» **DATASET EXTRACT**:
-- Opening Marker --
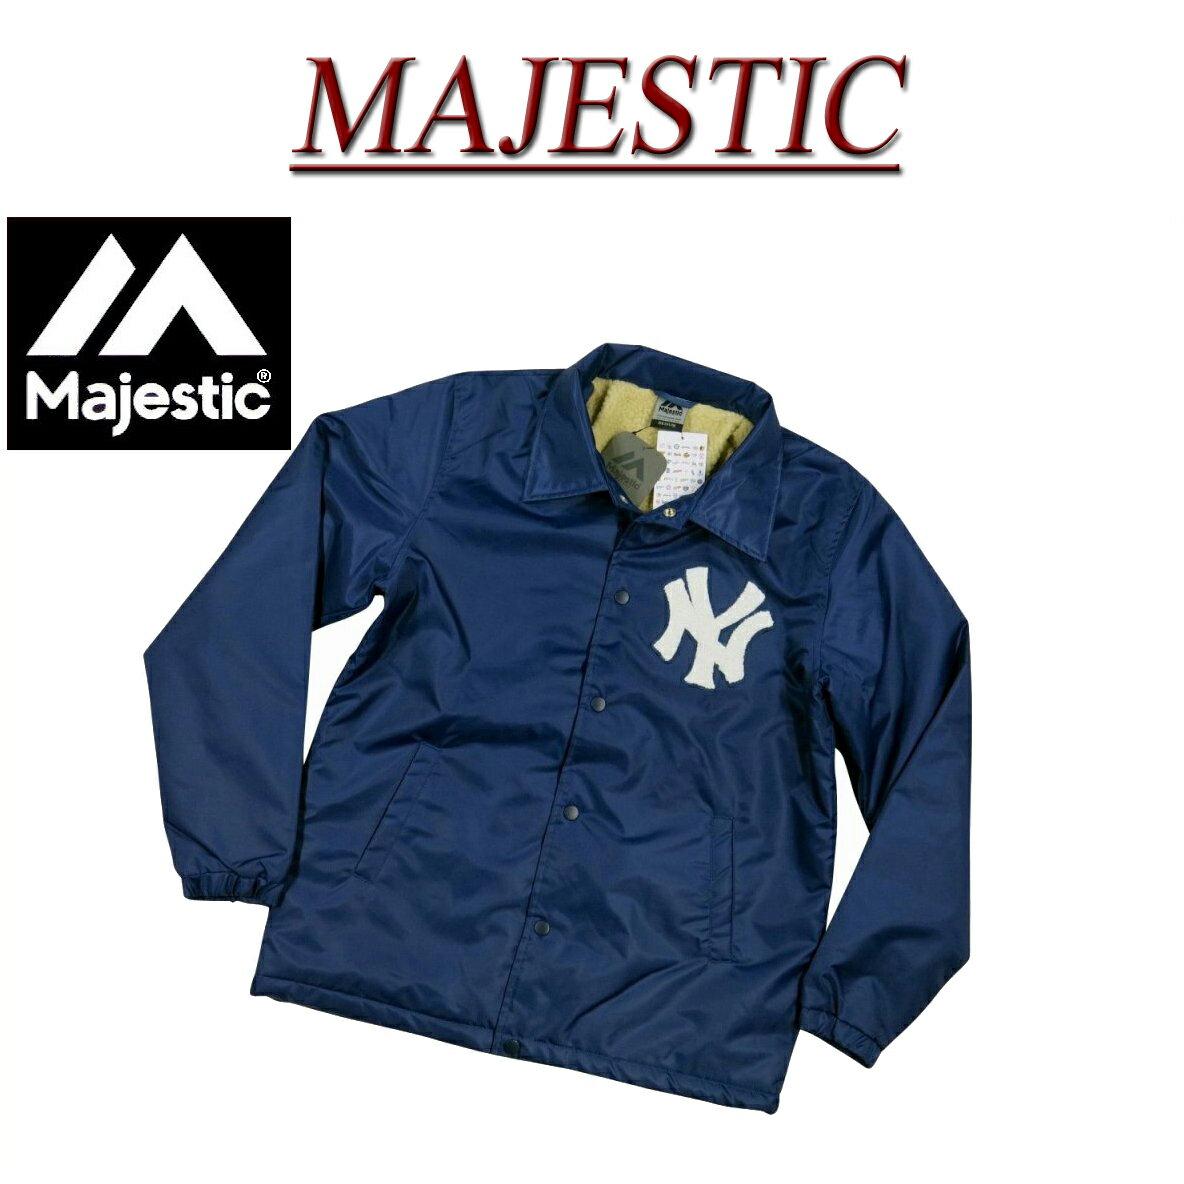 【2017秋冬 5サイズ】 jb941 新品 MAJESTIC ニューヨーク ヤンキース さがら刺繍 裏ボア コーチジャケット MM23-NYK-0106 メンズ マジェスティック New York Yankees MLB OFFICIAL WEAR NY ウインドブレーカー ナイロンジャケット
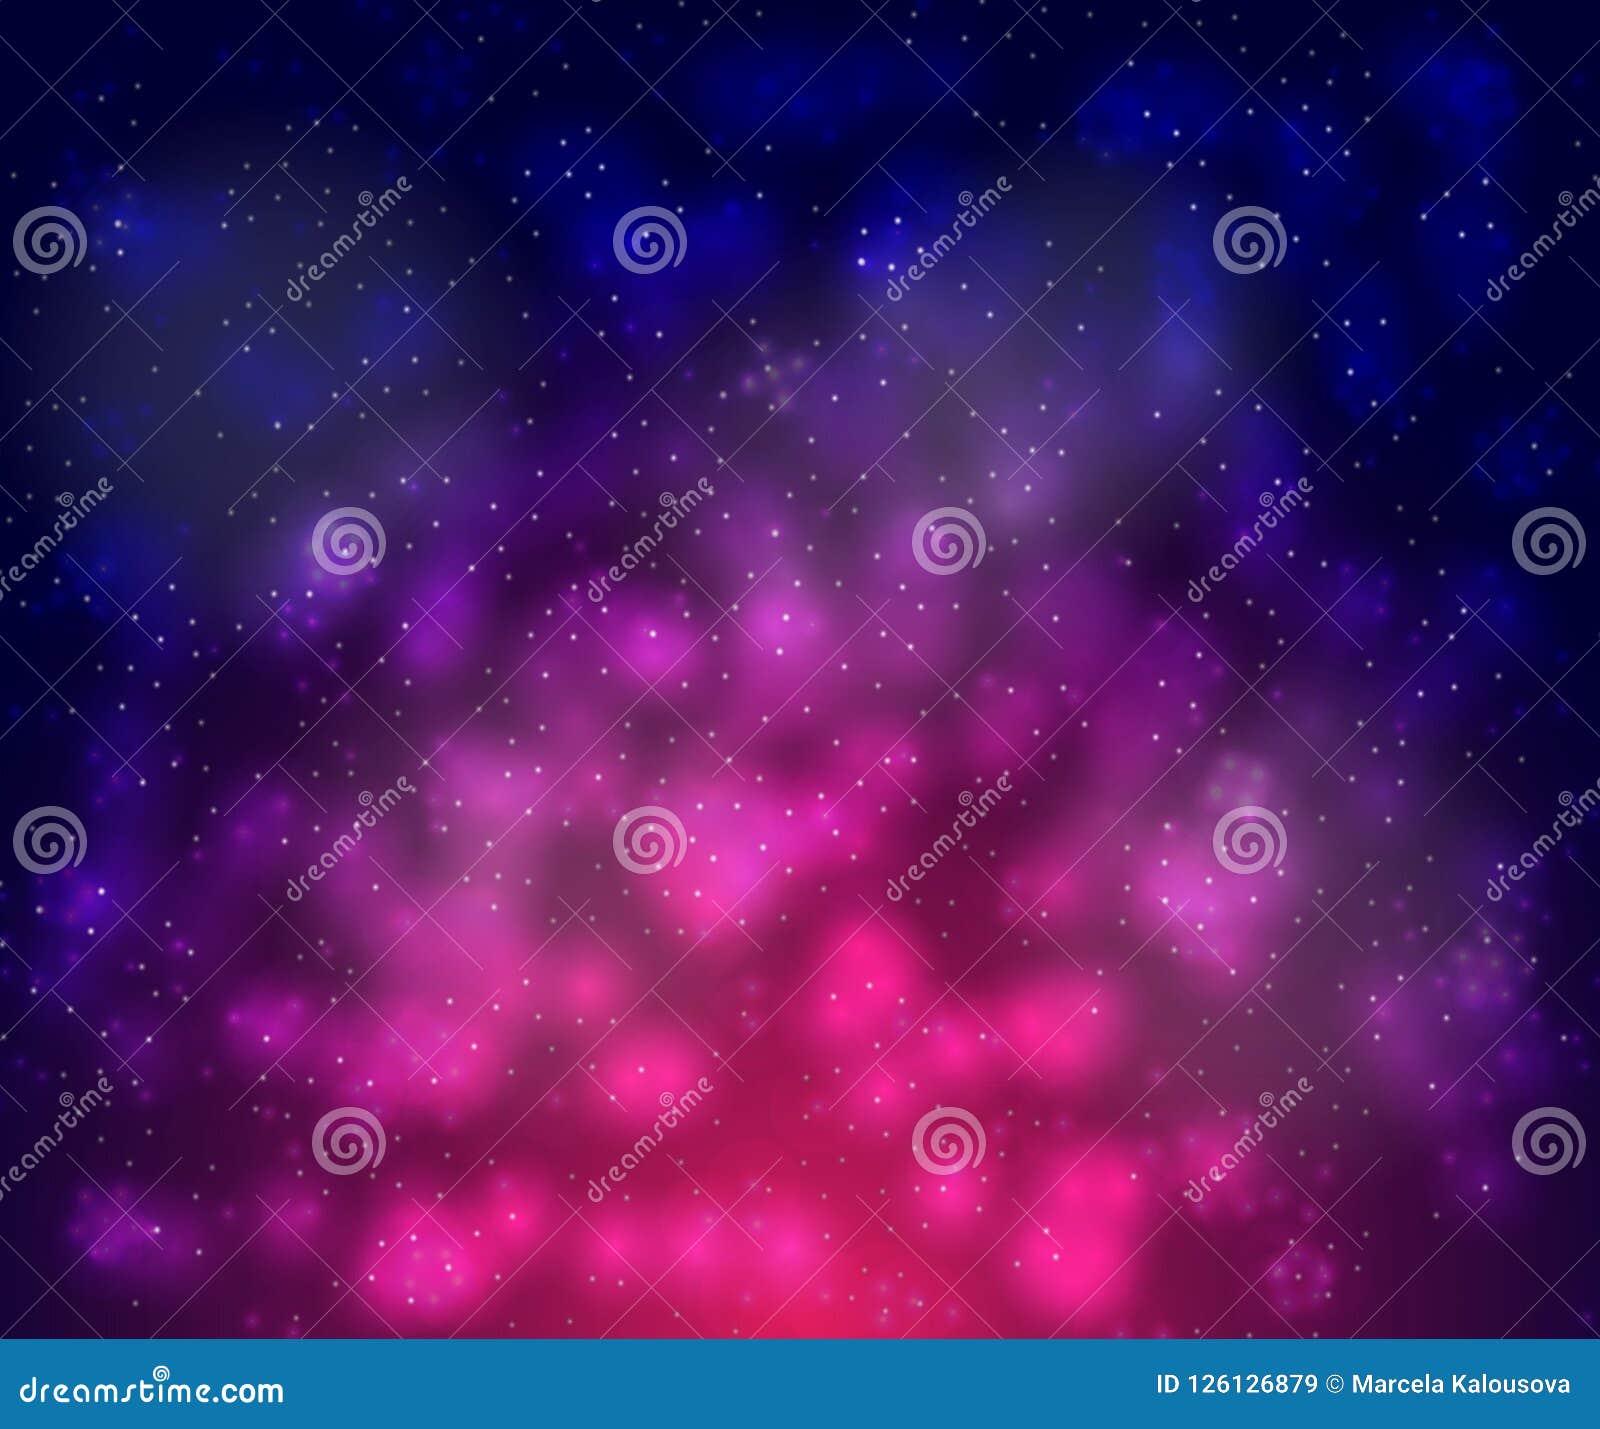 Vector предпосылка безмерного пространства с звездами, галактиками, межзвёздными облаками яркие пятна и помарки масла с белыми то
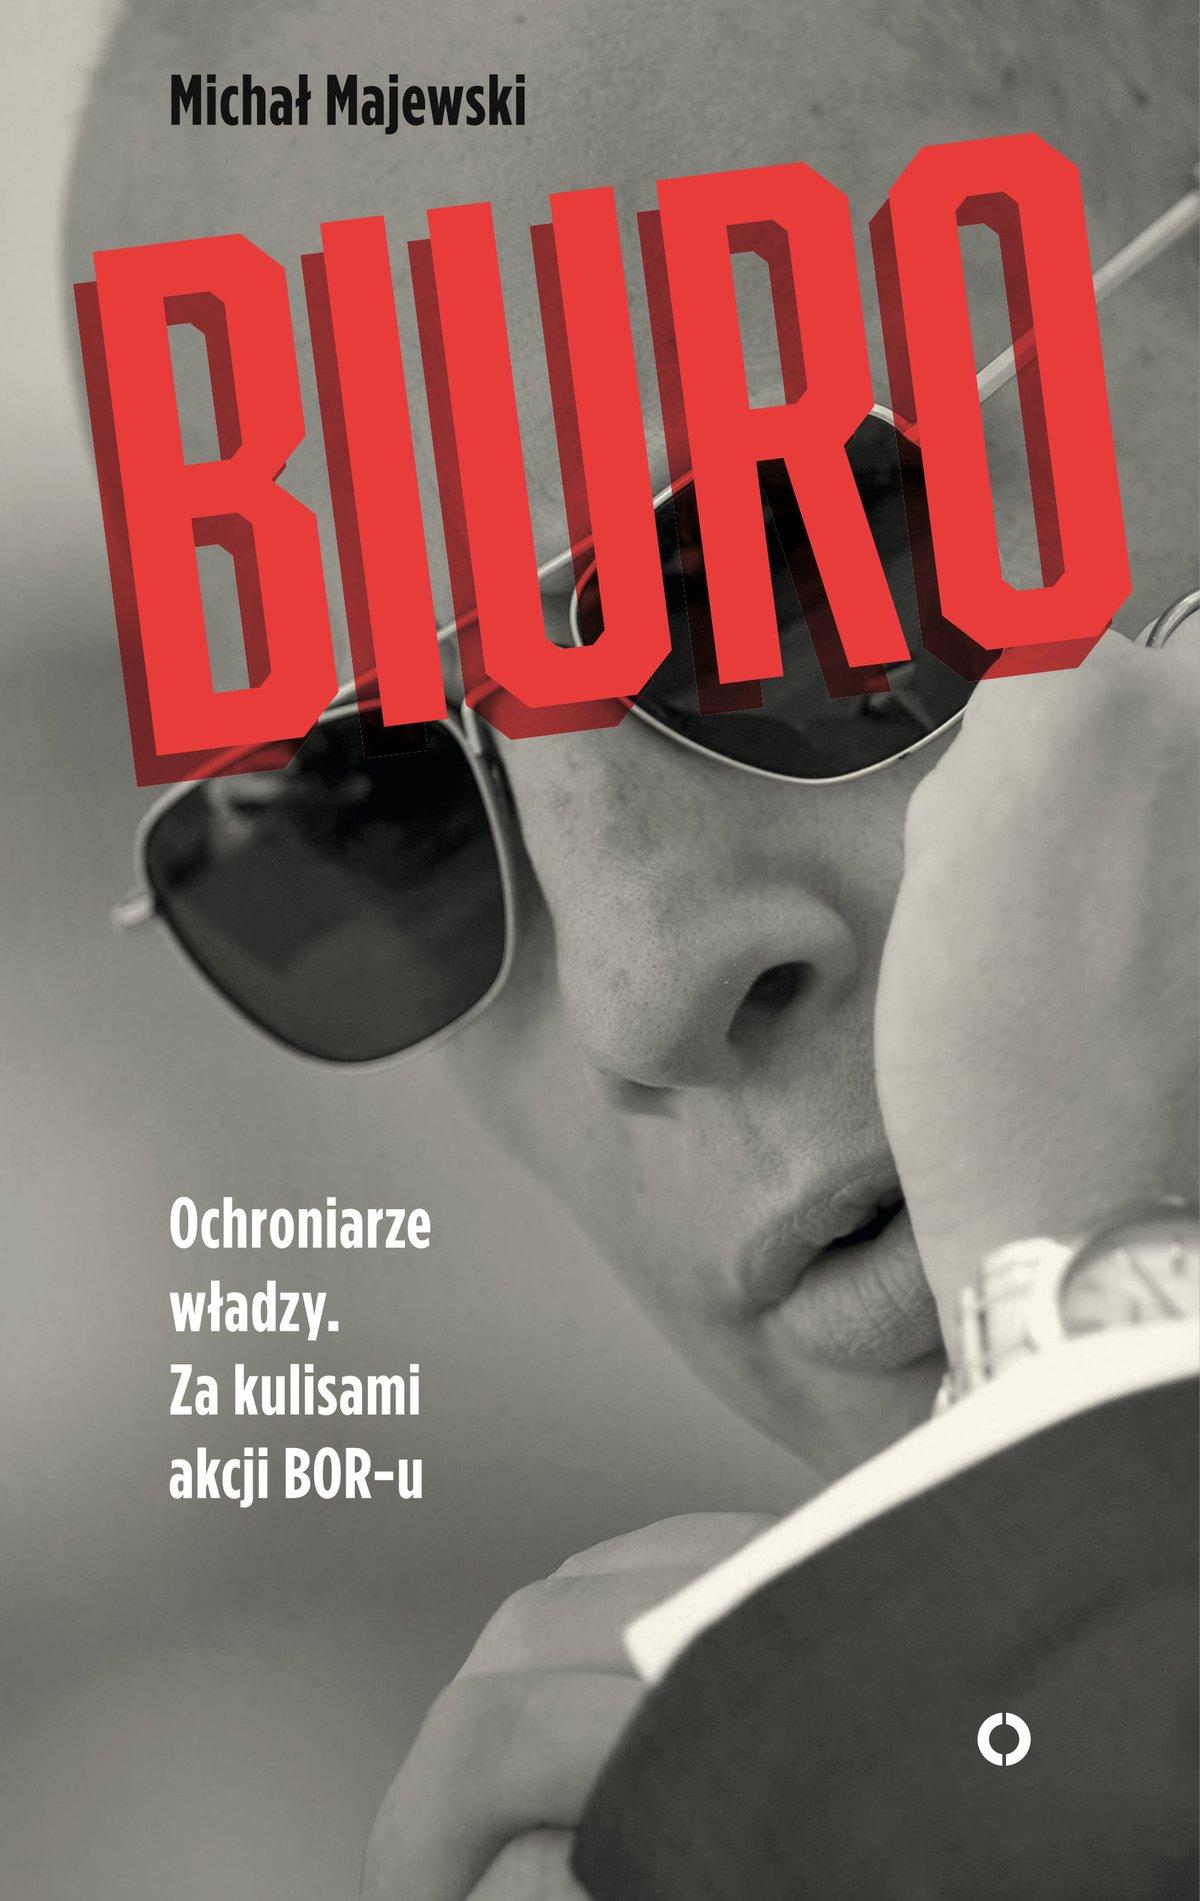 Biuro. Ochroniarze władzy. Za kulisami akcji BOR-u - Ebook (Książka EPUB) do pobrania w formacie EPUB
-- Closing Marker --
In the copy, include no pictures; everything else in the material should be written out exactly.

» **WRITTEN SOLUTION**:
 【2017秋冬 5サイズ】 jb941 新品 MAJESTIC ニューヨーク ヤンキース さがら刺繍 裏ボア コーチジャケット MM23-NYK-0106 メンズ マジェスティック New York Yankees MLB OFFICIAL WEAR NY ウインドブレーカー ナイロンジャケット
 Vector предпосылка безмерного пространства с звездами, галактиками, межзвёздными облаками яркие пятна и помарки масла с белыми то
 Biuro. Ochroniarze władzy. Za kulisami akcji BOR-u - Ebook (Książka EPUB) do pobrania w formacie EPUB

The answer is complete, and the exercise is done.